Cloud Architecture Diagram: View here
- Docker
- Docker Compose
- htpasswd file
To set up password protection for the Flower dashboard, you need to create a .htpasswd
file
- Install apache2-utils
sudo apt-get update
sudo apt-get install apache2-utils
- Create the .htpasswd file
htpasswd -c /mnt/c/path/to/.htpasswd username
We can use Using Git Bash on windows
-
Open Git Bash: Launch Git Bash from your Start menu.
-
Create the
.htpasswd
file: Use the following command to create the file:
htpasswd -c /c/path/to/.htpasswd username
Another way is use websites which generate .htpasswd file but this is not recommended since you will be entering your password on a random website
-
Clone the repository:
git clone https://github.com/your-repository.git cd your-repository
-
Generate Google Gemini API Key: To integrate the AI functionality, you need to generate an API key from Google Gemini.
- Go to https://gemini.google.com/.
- Click on For Developers from the top navbar, and you will be redirected to Google AI Developer.
- Click on Get API Key in the Google AI Studio.
- Then, click on Create API Key, and your API key will be generated.
- Store this key safely as you'll need to set it in the environment variables.
-
Build and Run Using Docker Compose:
- Use
docker-compose
to build and start all the necessary services, including FastAPI, MongoDB, Redis, Celery, and NGINX.
Run the following command to build and start the containers:
docker-compose up --build
- Use
-
Access the API: Once the services are up and running, you can access the API at:
http://localhost
-
Celery Workers: Celery workers will automatically be started by the
docker-compose
setup to handle async tasks. -
Access the flower dashboard: Once the services are up and running, you can access the flower dashboard at:
http://localhost/flower
-
NGINX Reverse Proxy: NGINX is configured to handle all incoming requests and proxy them to the FastAPI application running on port 8000 and flower dashboard running on port 5556.
-
Tear Down: To stop and remove all running containers:
docker-compose down
Use pytest to run your tests. Note that while the tests cover core functionalities, they are not fully comprehensive at this point. However, the application has been manually tested.
pytest
If deploying on AWS EKS:
- Ensure the cluster is set up with the necessary autoscaling based on CPU and memory using a metrics server.
- Use CloudWatch or self-hosted Kube Prometheus monitoring stack to monitor the system and set up alerts for CPU, memory, and disk space metrics.
- Make sure that daily backups are enabled for MongoDB.
- Manage security groups and NACLs to ensure minimal exposure to the public internet.
- Testing: The current test coverage is limited, and not all edge cases are covered.
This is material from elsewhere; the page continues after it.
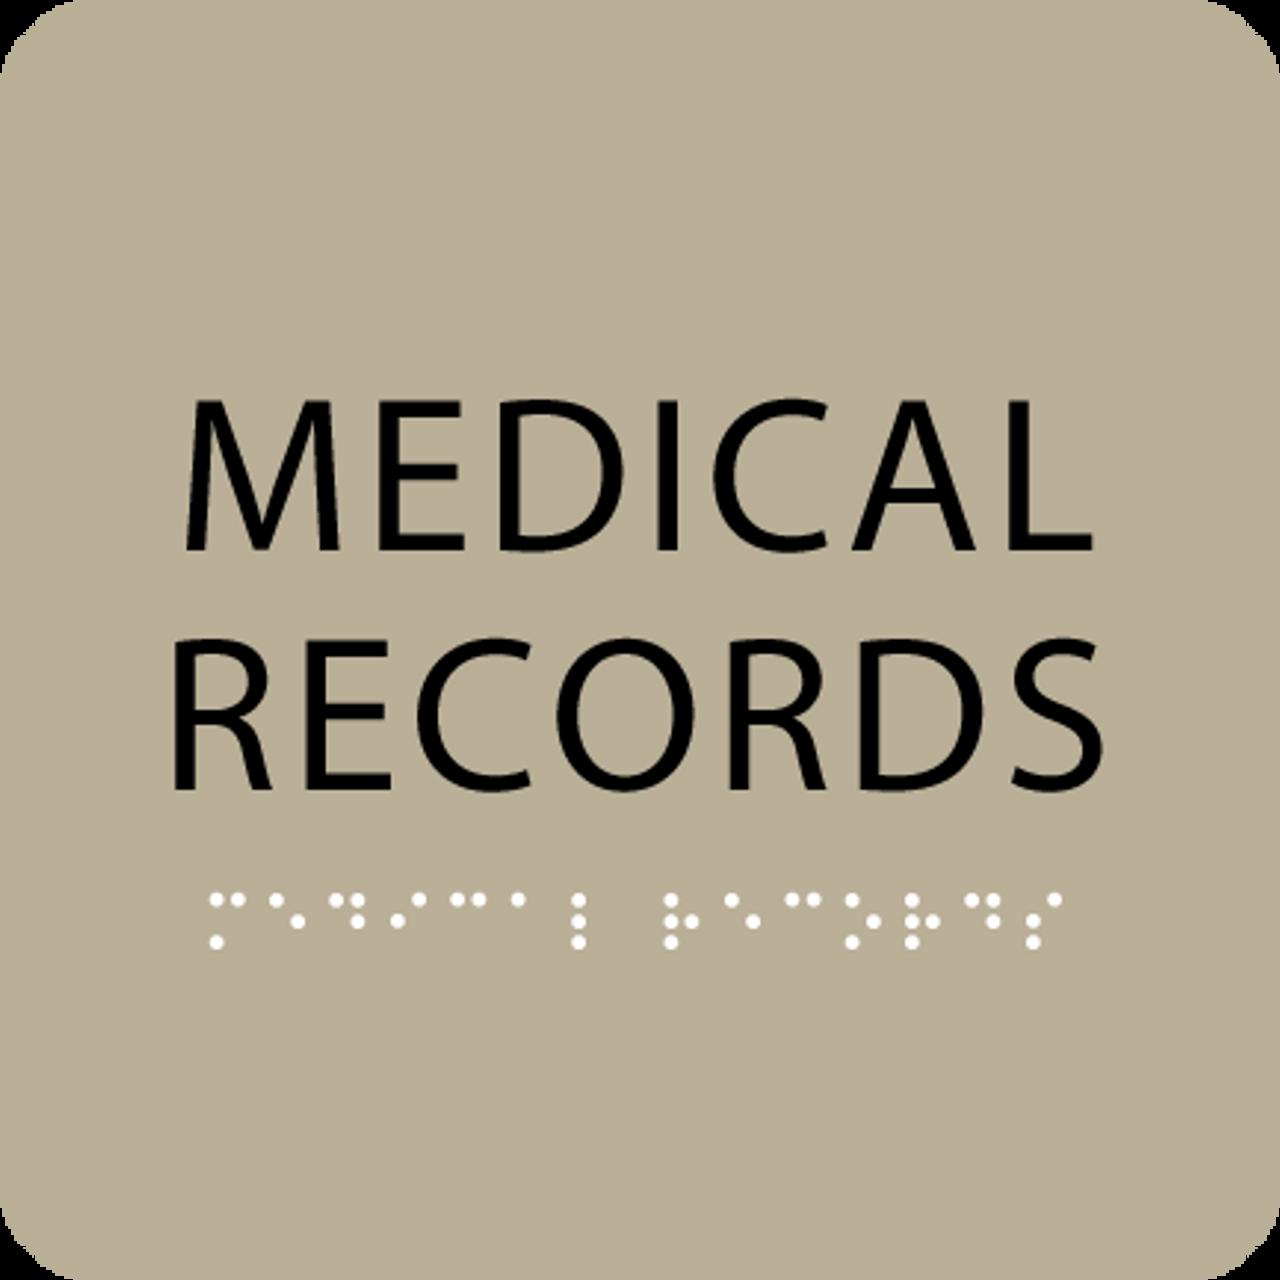 Brown Medical Records ADA Sign

Manual testing has been performed to ensure core functionality.
- Further Security Enhancements: In the future, additional security features like IP whitelisting, detailed audit logging, and role-based access control (RBAC) could be implemented.
This backend API application is designed to create and manage sample exam papers, leveraging AI to simplify input generation. Security and scalability have been prioritized in the architecture, ensuring the application is ready for deployment in a production environment with cloud-native technologies.